# Had a visit from the Easter Bunny



## kristen (Oct 18, 2011)

He wasn't a very good Easter Bunny. 
He didn't even bring me any chocolate. He did however try to sneak some turkey off the counter, and took a swig of my wine.


----------



## mswhipple (Mar 7, 2011)

What a sweet, adorable face that bunny has!


----------



## jakersmomma (Jan 3, 2010)

What a sweet face!!!! Looks so "innocent" but we all know that can't be true!

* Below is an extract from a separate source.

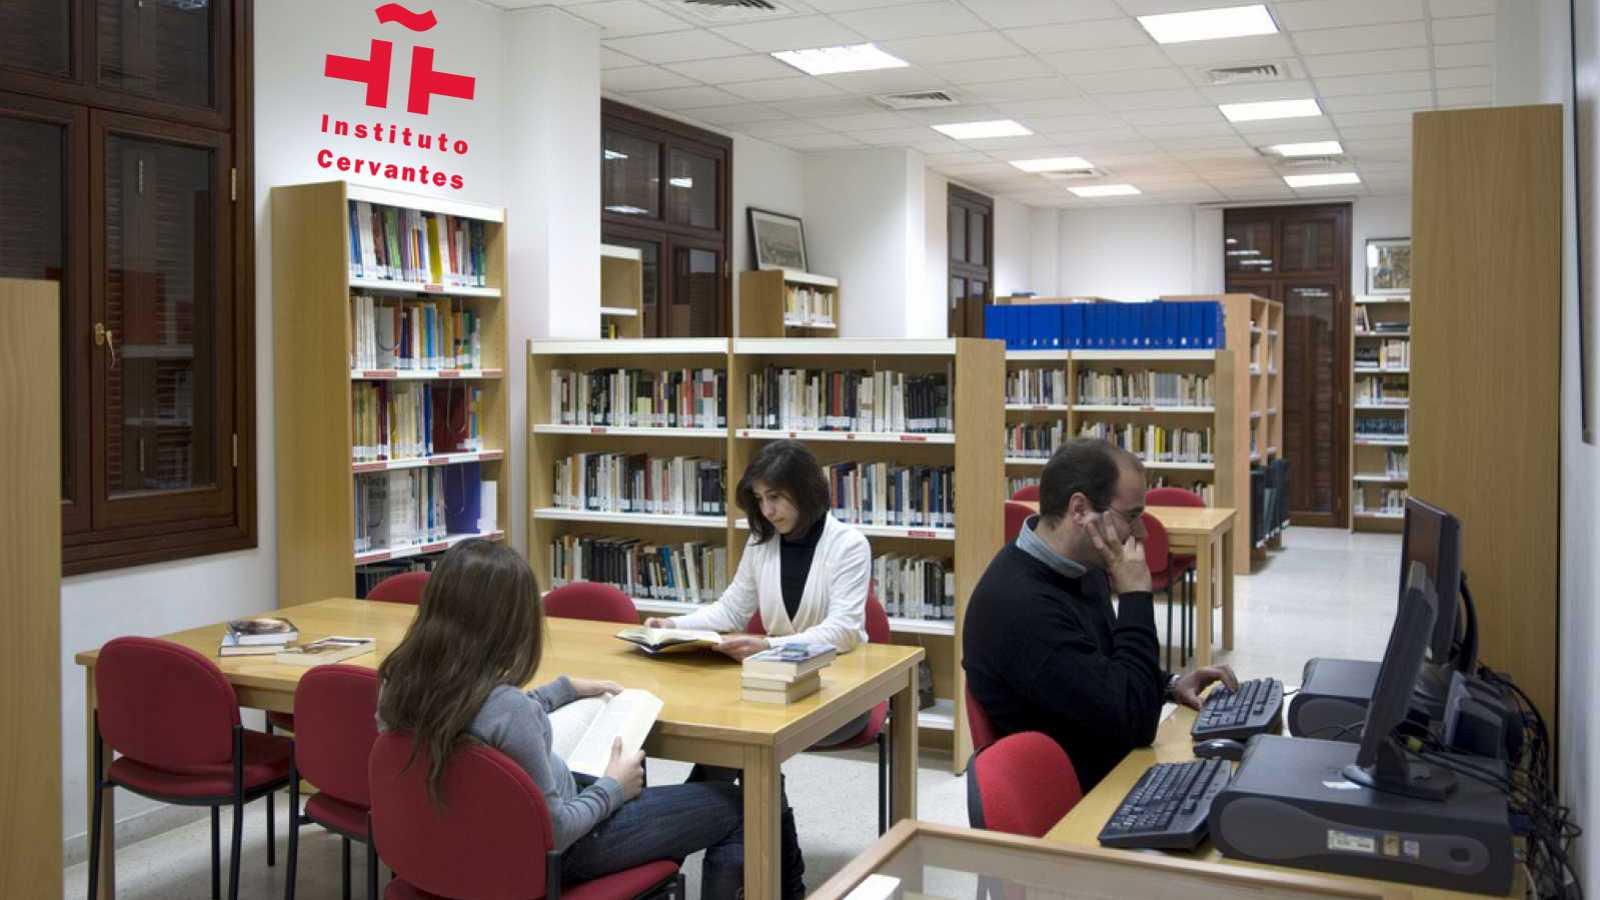 Punto de enlace - El Instituto Cervantes recupera su actividad en Beirut - 30/09/20 - escuchar ahora

Does anyone else hide a basket for their puppy??? Jake loves it, he found it immediately under the dining room table and then came to me and sat. I said "go ahead and get it" and he ran back to drag it out from under the table!!


----------



## R E McCraith (Nov 24, 2011)

Jac on Easter I hide in a basket just to get away from PIKE! LOL


----------



## kristen (Oct 18, 2011)

Odin's Grandma brought him some Easter treats and hid them around the house for him. He was more interested in the tissue paper they were wrapped in however! ;D
Holidays are so fun with dogs!


----------



## datacan (May 15, 2011)

OP hit the nail right on.
We had an overnight visit from a real bunny family. Just happened during the night. 

_Nature has it's ways.... :'(_


----------